We know now that trauma is more than an ‘horrific event’ “beyond the scope of normal human experience,” requiring a perceived threat to one’s life or physical safety (American Psychiatric Association, 1980). What we know now is that it is the perception of threat and safety and how overwhelmed we are by it, that is defining.

How each person experiences trauma will be influenced by genetics, environment, upbringing, and beliefs about Self and the world. Each of us will have our own experience, and our human system will respond accordingly – often outside of our conscious control. In our own time we will continually and actively process information, create responses, and create meaning. Which means no trauma, or its affects can be weighed or compared.

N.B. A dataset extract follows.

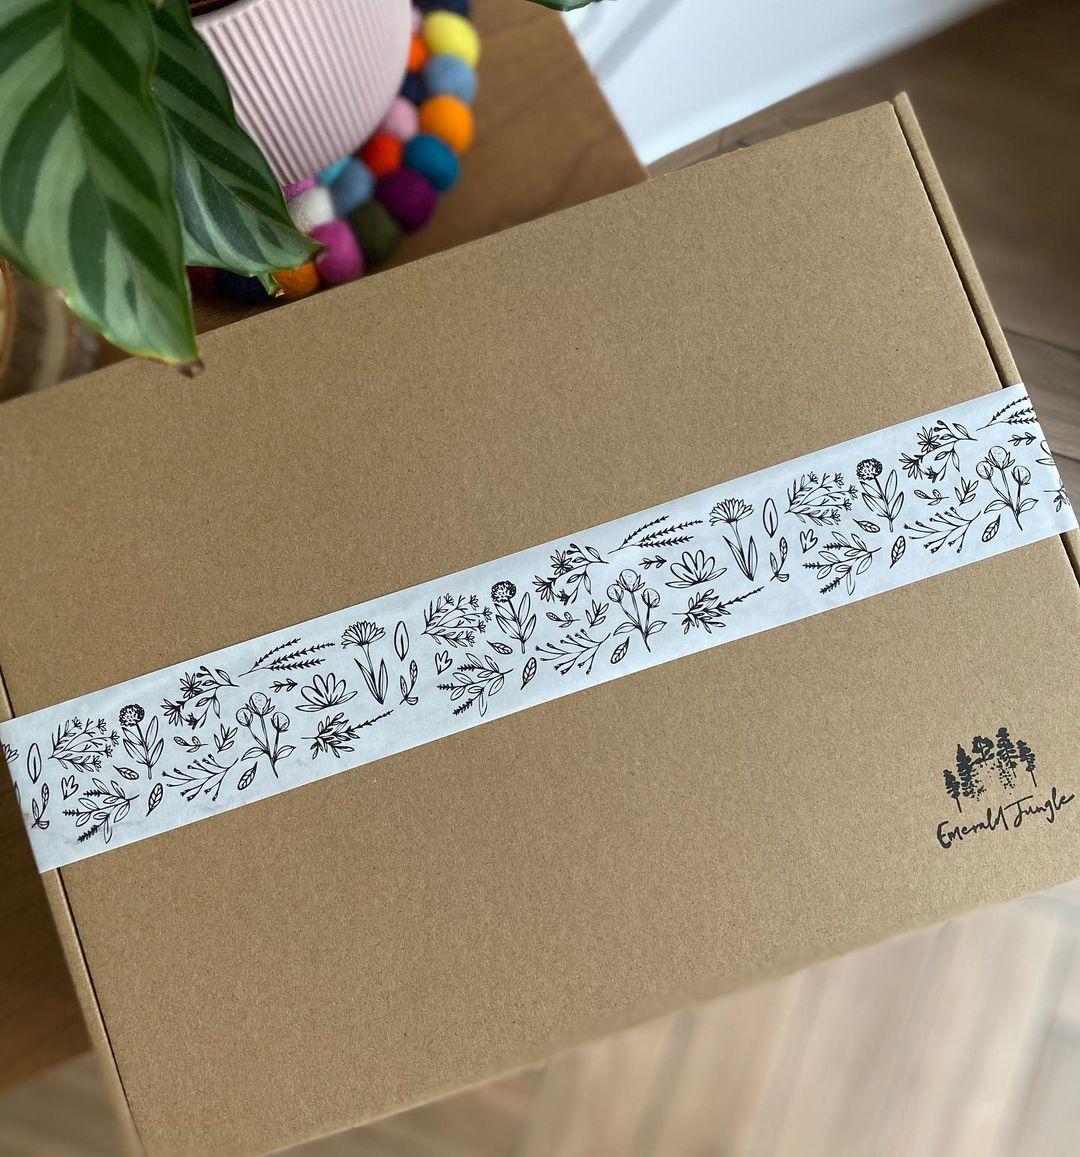 Customised tape on a box

This in turn means that not everyone will be impacted negatively by a trauma, and the experience will not necessarily lead to a formal post-traumatic stress disorder (PTSD) or to other trauma related psychological problems (Shwartz, 2001).

For those who experience effects which may include dissociation, flashbacks, and nightmares, and/or where the event feels like it is not in the past where it should be, PTSD may be diagnosed.

For those who feel that trauma has had a deleterious impact on their well-being, or who have been given a formal diagnosis of PTSD, Satori offers a calm space to do the work of transitioning to healing. This may involve the use of well evidenced therapeutic approaches including ego state, internal family systems (IFS), and eye movement, desensitisation, and reprocessing (EMDR) therapy. 


American Psychiatric Association. Diagnostic and statistical manual of mental disorders. 3rd ed. Washington, DC: American Psychiatric Association; 1980.